Dataset extract

——

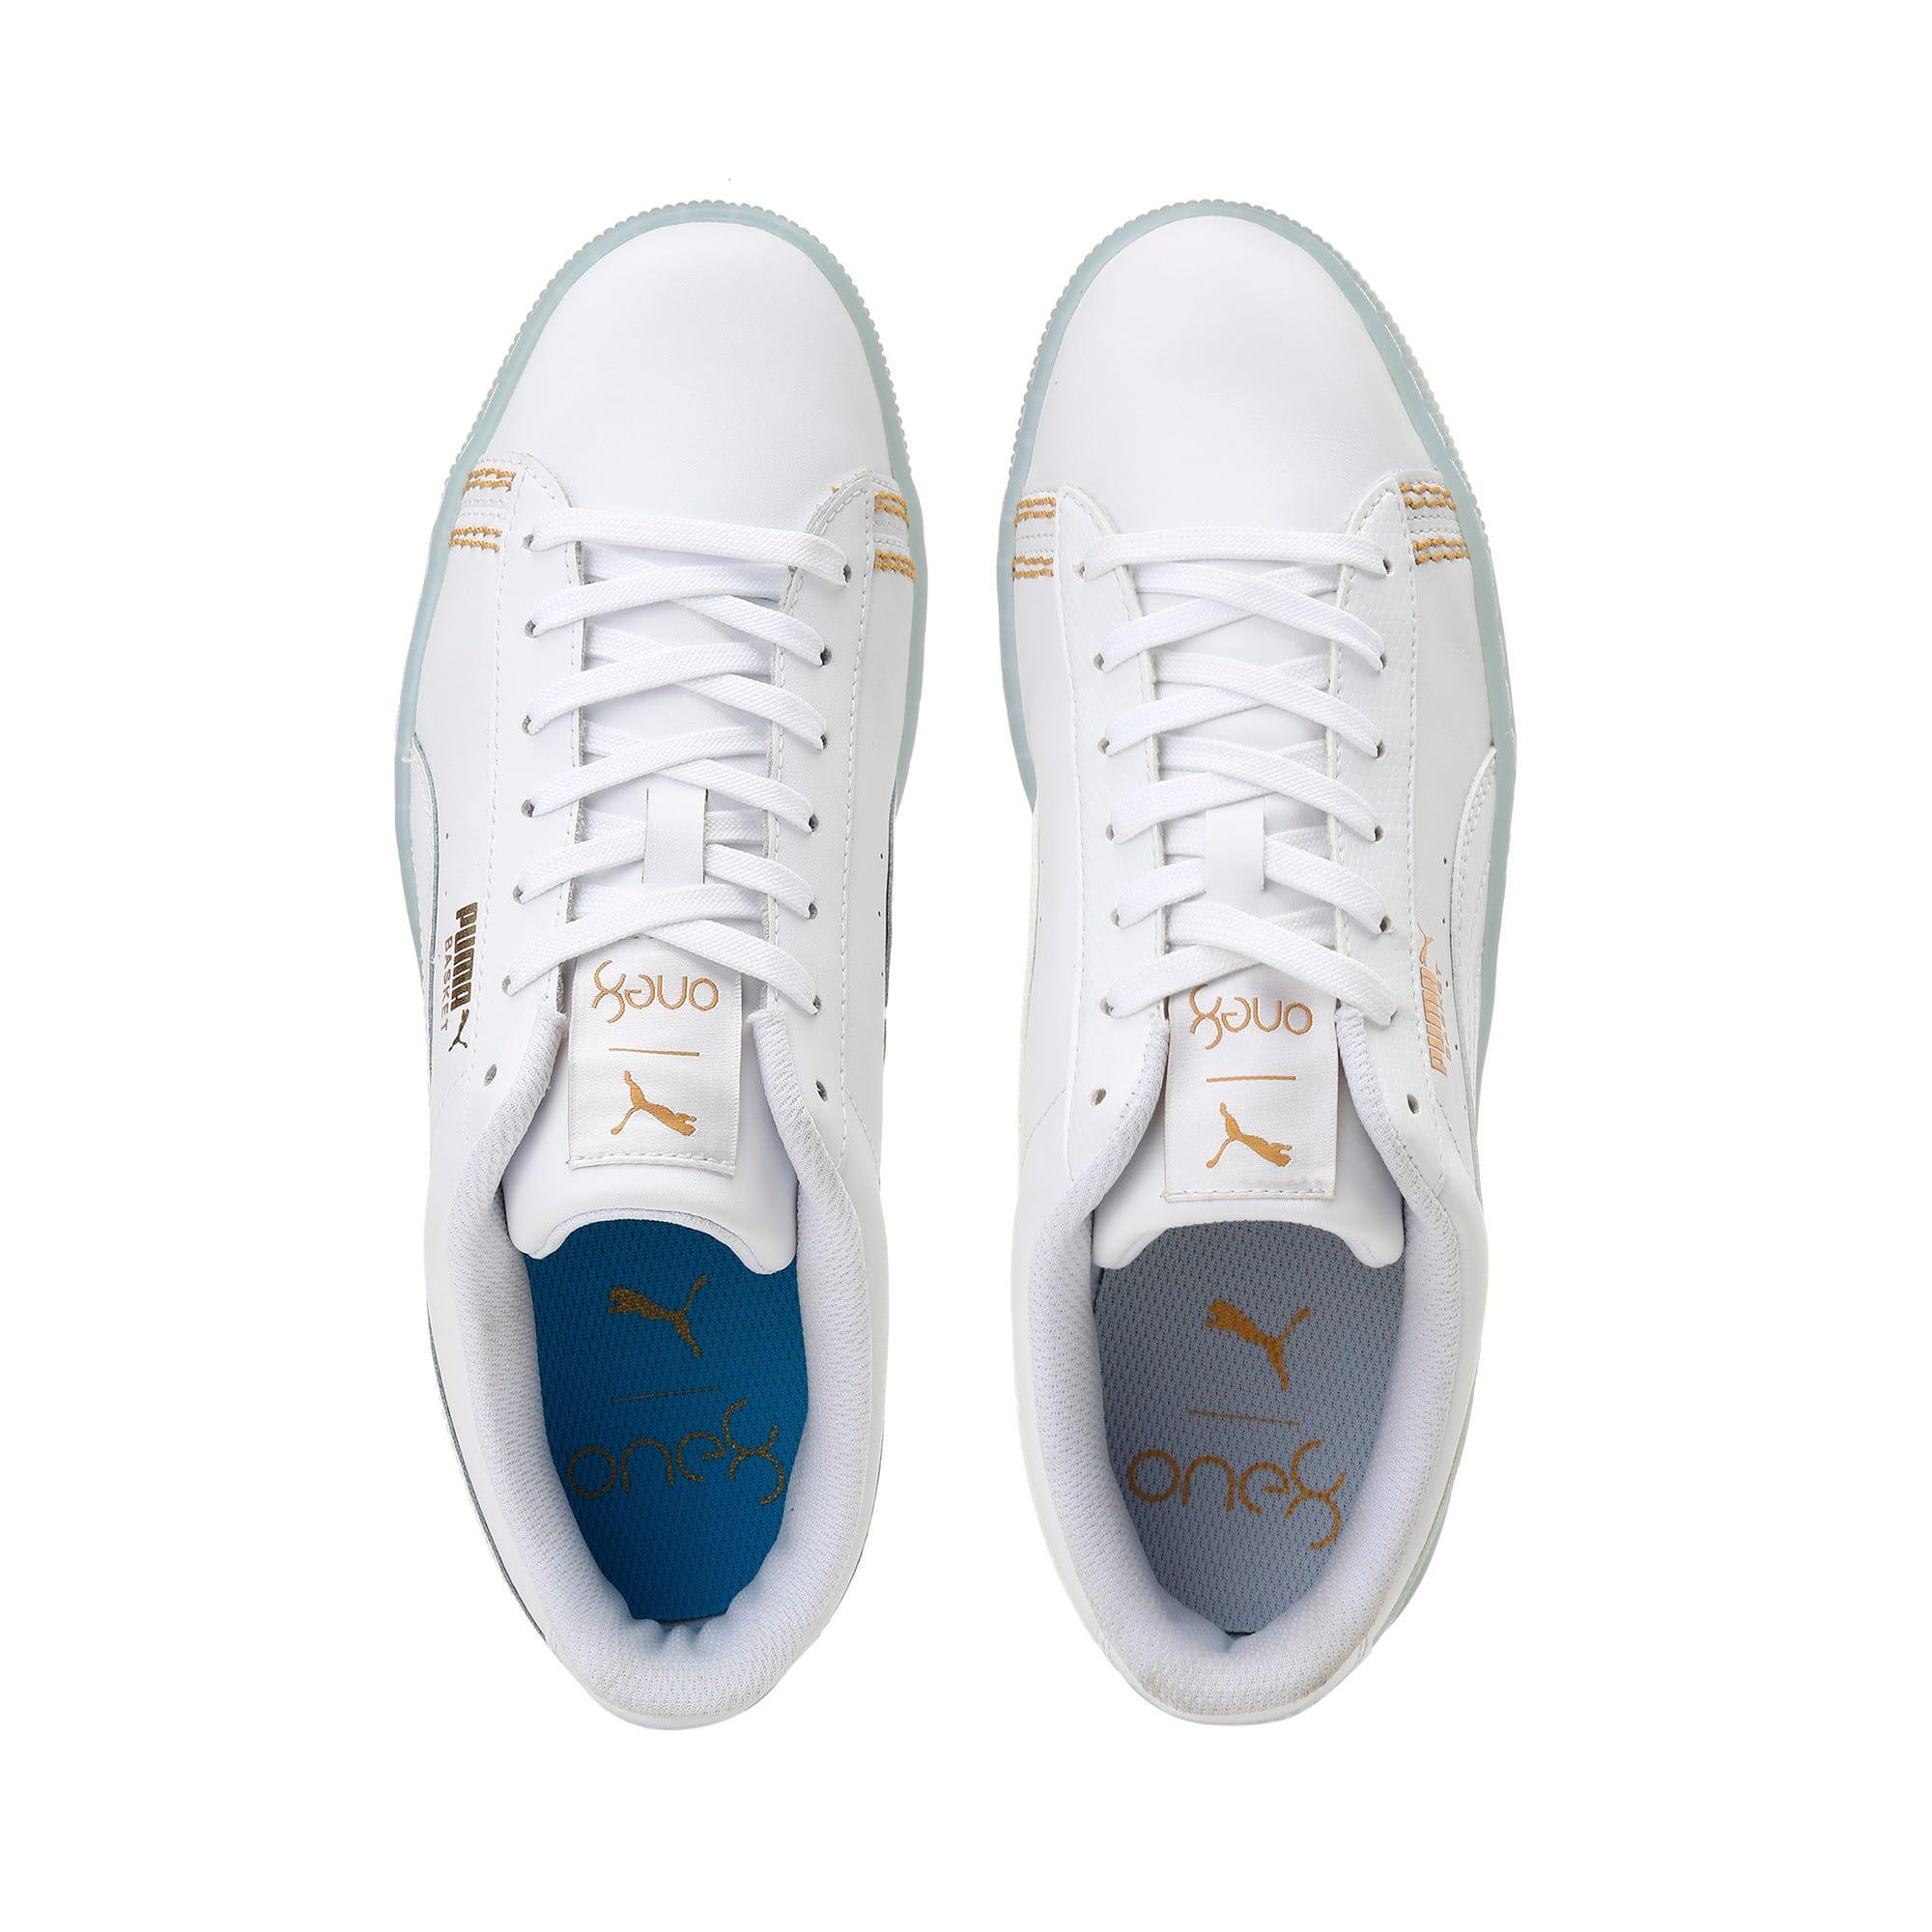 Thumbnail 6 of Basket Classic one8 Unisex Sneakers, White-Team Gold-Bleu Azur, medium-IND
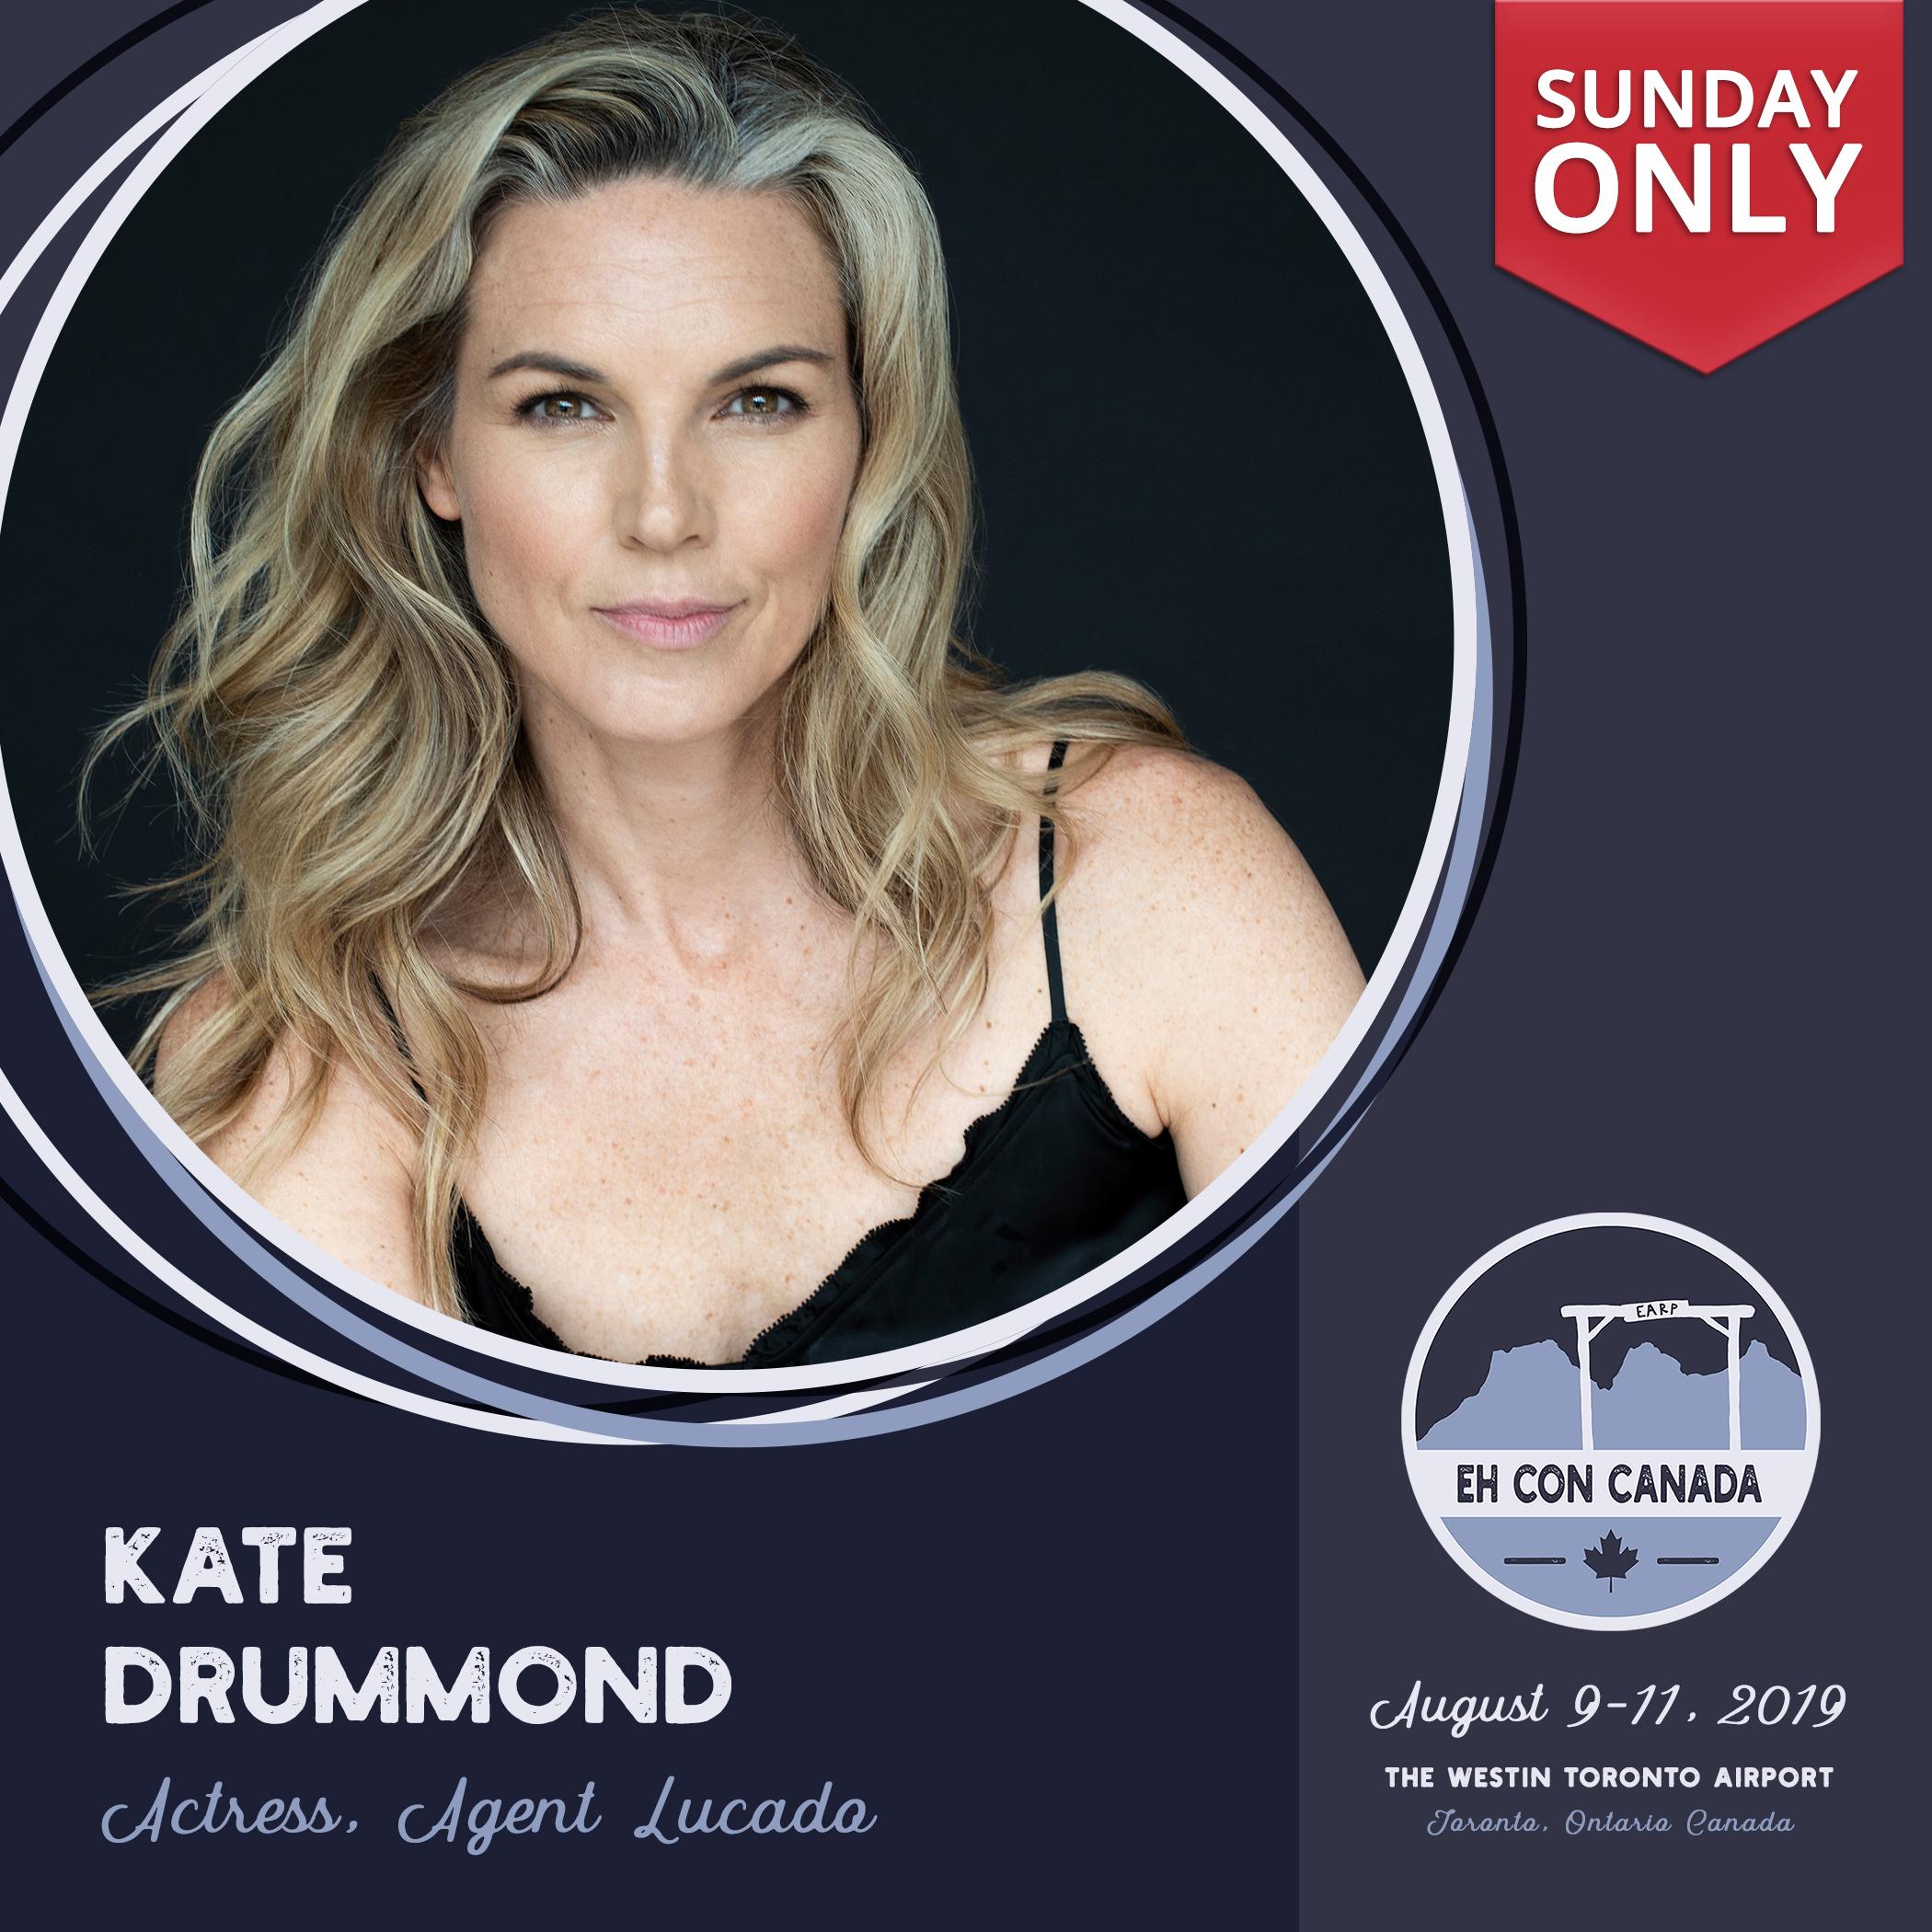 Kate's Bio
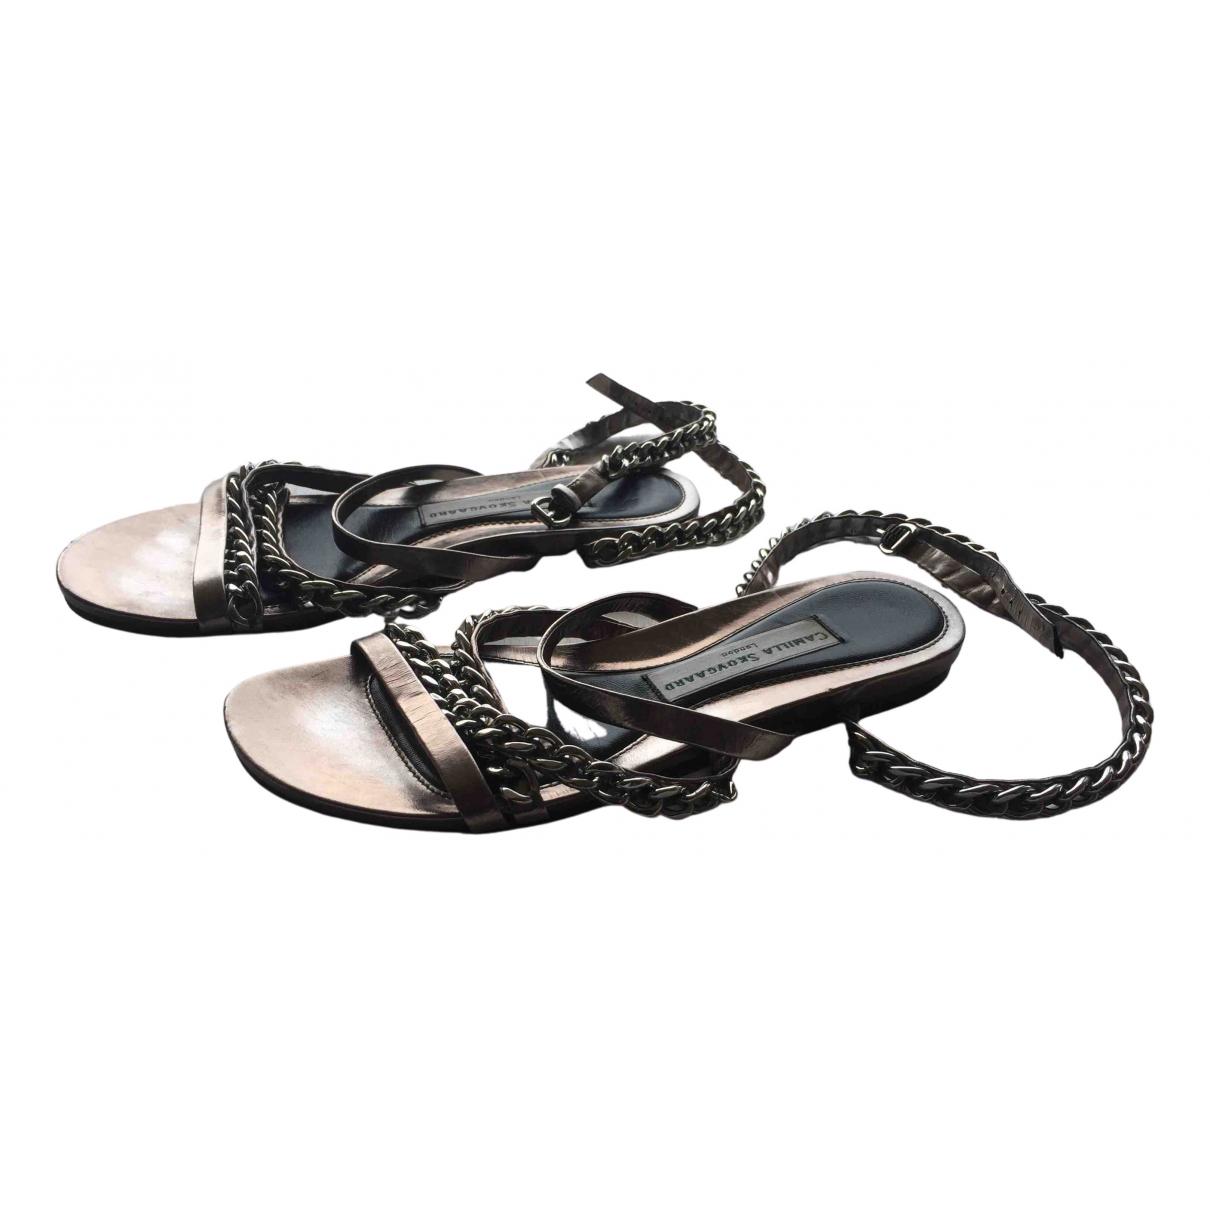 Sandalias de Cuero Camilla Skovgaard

——

What to produce
Please output the listing above in full, exactly as given, without its images.

Answer box
 Thumbnail 6 of Basket Classic one8 Unisex Sneakers, White-Team Gold-Bleu Azur, medium-IND
 Kate's Bio
 Sandalias de Cuero Camilla Skovgaard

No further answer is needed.